19 juin 2015

Jean-Emmanuel Ducoin : "Bernard,François, Paul et les autres"

Jean-Emmanuel DUCOIN : "Bernanrd, François, Paul et les autres..."

bernard, françois, Paul

Encore quelques jours avant le départ de la 102ème édition du Tour de France pour profiter de ce récit qui nous plonge dans le Tour 1985. Année charnière probablement dans la fabuleuse histoire de cette institution, de cette "République de Juillet", de cette communion du peuple de France avec son pays, de la vénération des "forçats de la route".

Bernard Hinault est un champion. Sur ce point aucun doute. Un personnage, au-delà du microcosme sportif, qui est entré dans l'imaginaire populaire. Un héros.

Nous sommes ici l'année de sa cinquième victoire. Il va entrer dans la légende en égalant Anquetil et Mercks. Mais déjà le Tour est entré dans l'ère moderne, depuis que le capitalisme s'en est saisi. Le professionnalisme, la "préparation physique", le "suivi médical", tout cela va irriguer peu à peu le sport vécu désormais comme un investissement financier. Une équipe c'est une entreprise.
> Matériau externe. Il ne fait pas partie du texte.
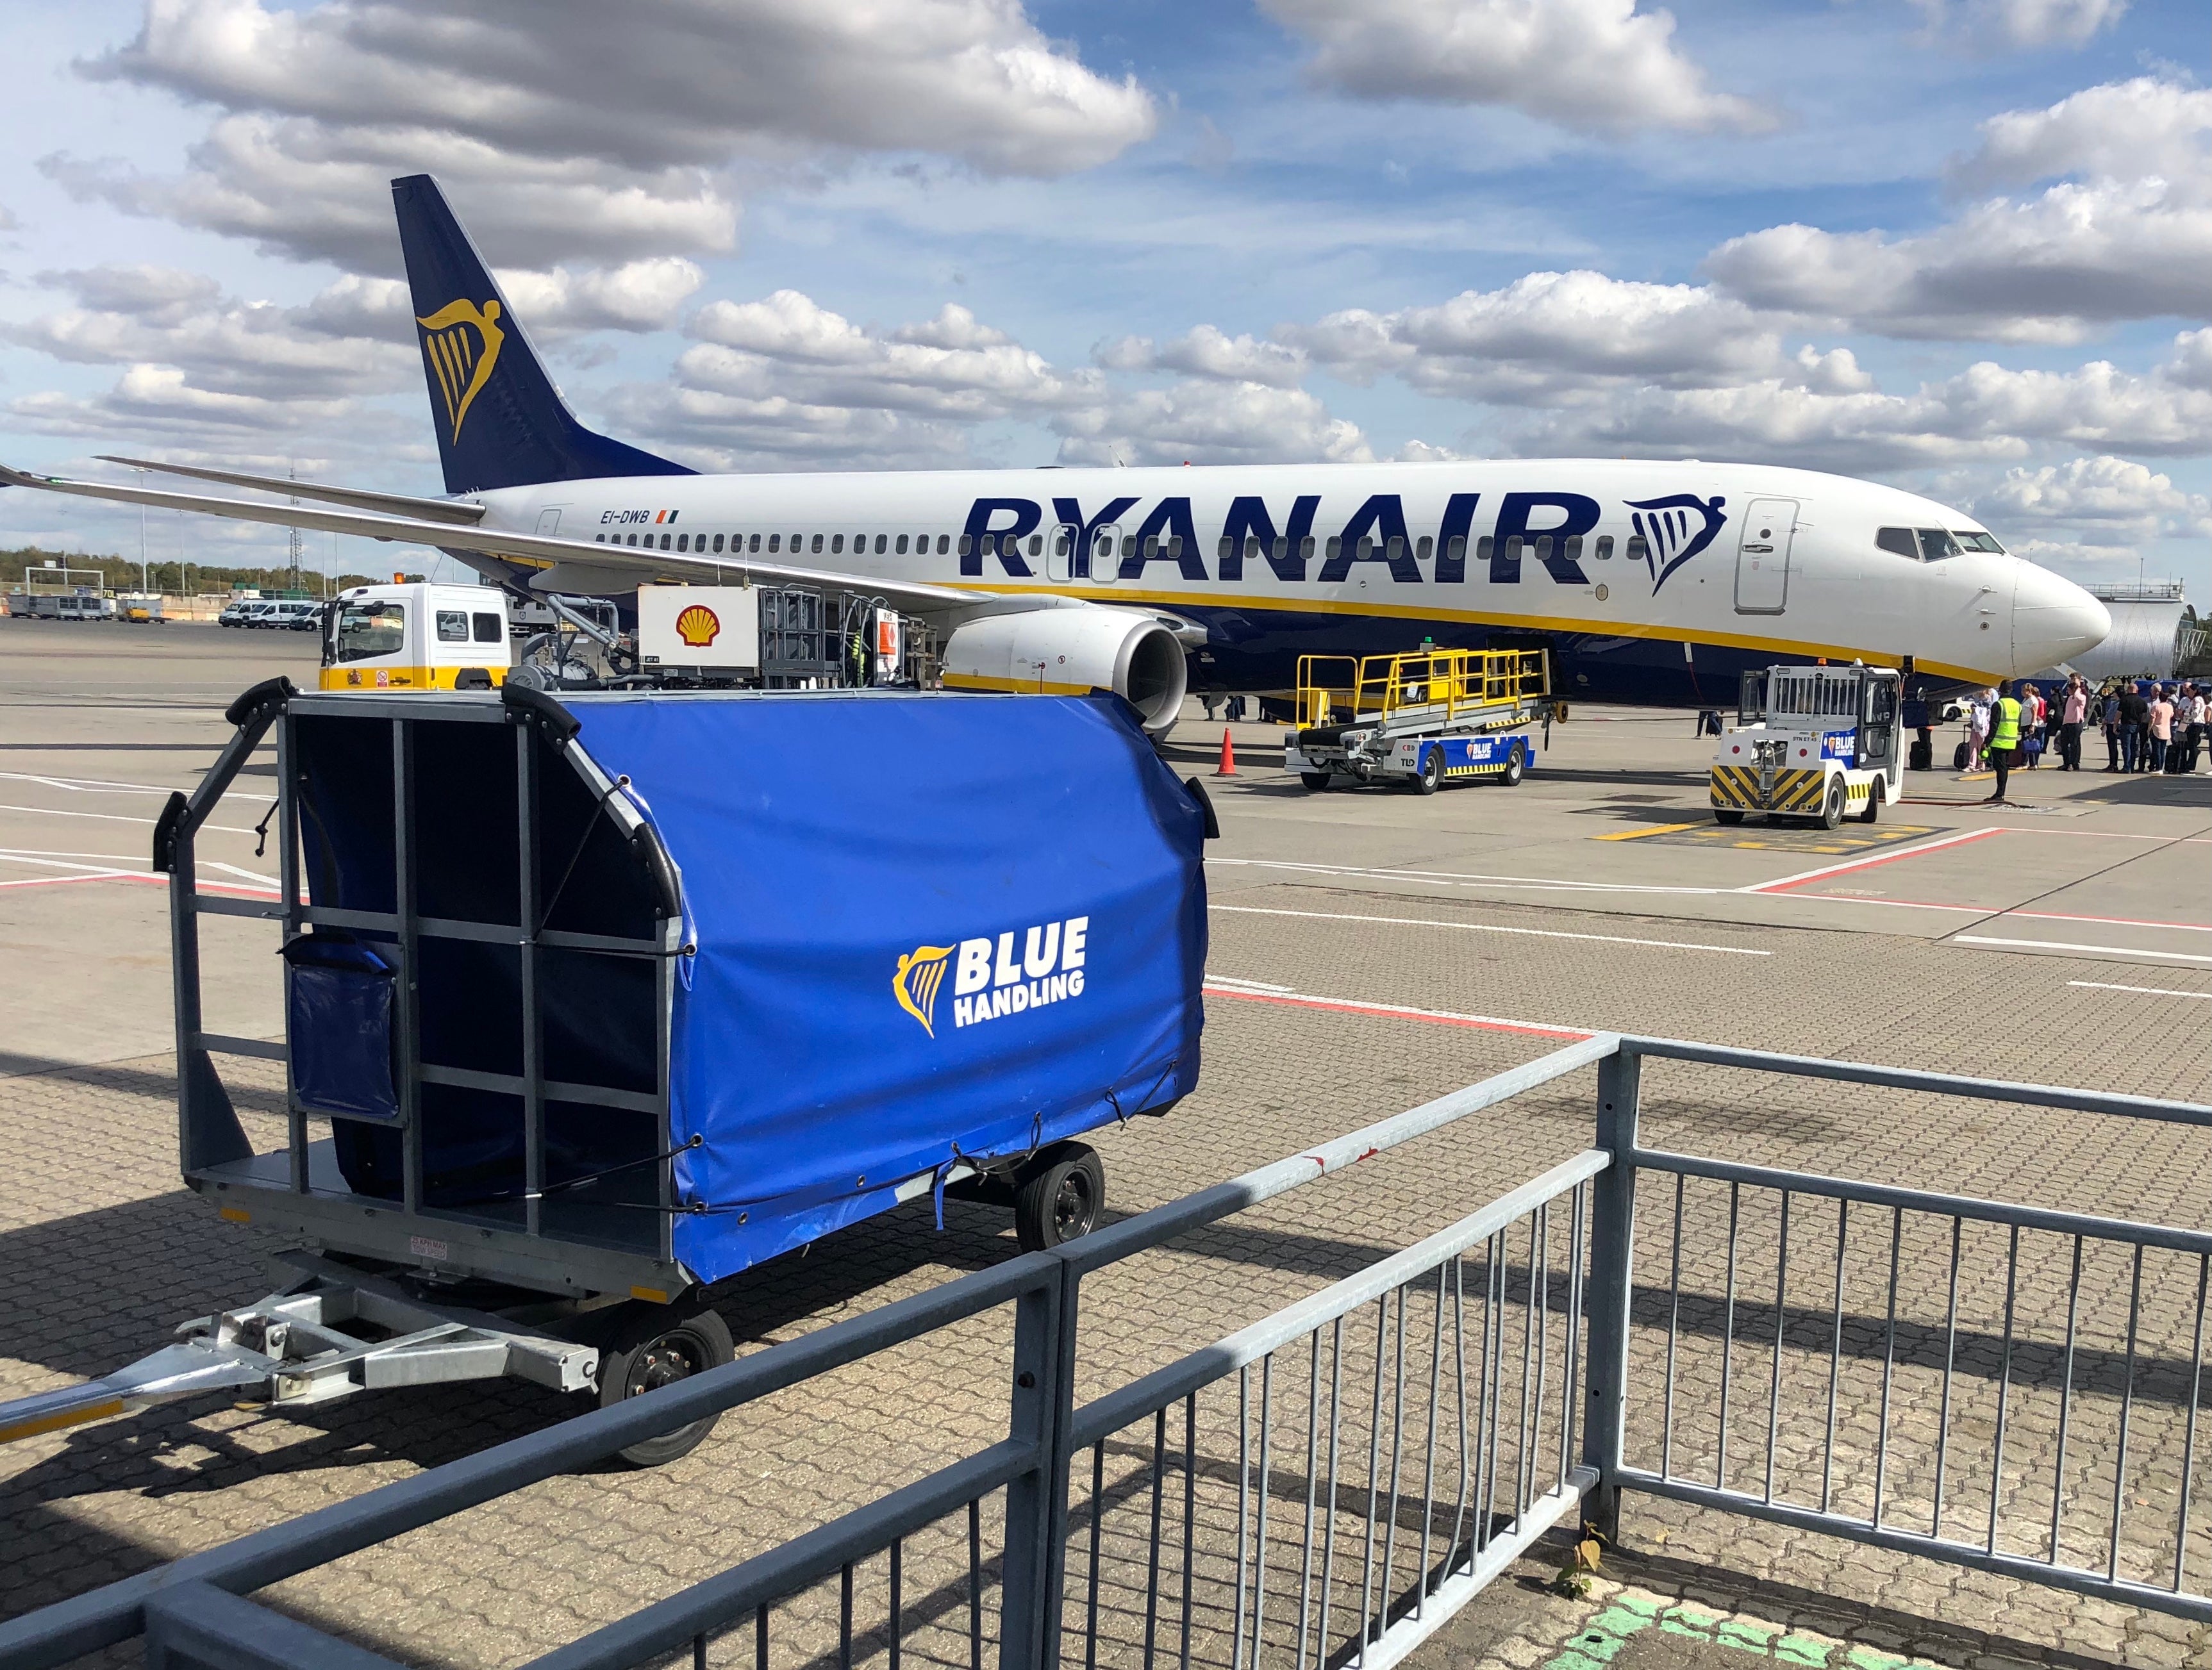 €10 or less from Rome: a Ryanair plane at London Stansted airport

Pourtant dans ce Tour 1985, il ne parait pas si lointain le temps des romantiques, qu'ils soient sur la route ou parmi les suiveurs (et là on ne peut s'empêcher de penser à Antoine Blondin et à la verve journalistique de la presse écrite). Ce Tour sera le dernier de l'ancien monde. Les droits télévisuels ont pris le dessus, aux textes se sont substituées les images, à l'instinct s'est substituée la stratégie, à l'improvisation, le plan d'action....

Mais 1985 c'est aussi le moment où la "France de gauche" avale les couleuvres. Après avoir renoncé à changer le capitalisme, elle s'en accommode.

Finalement, le Tour de France reste un marqueur de la société française. Tous deux entretiennent des rapports ambigus faits d'une part de tendresse profonde issue directement de l'âme de la nation et d'une part d'aversion suspecte issue des dérives nauséabondes de la "professionnalisation" à outrance. 

Le récit de Jean-Emmanuel Decoin, à partir des souvenirs familiaux, nous emmène, au détour des étapes, des routes, des villes, dans cette réflexion sur le monde d'aujourd'hui.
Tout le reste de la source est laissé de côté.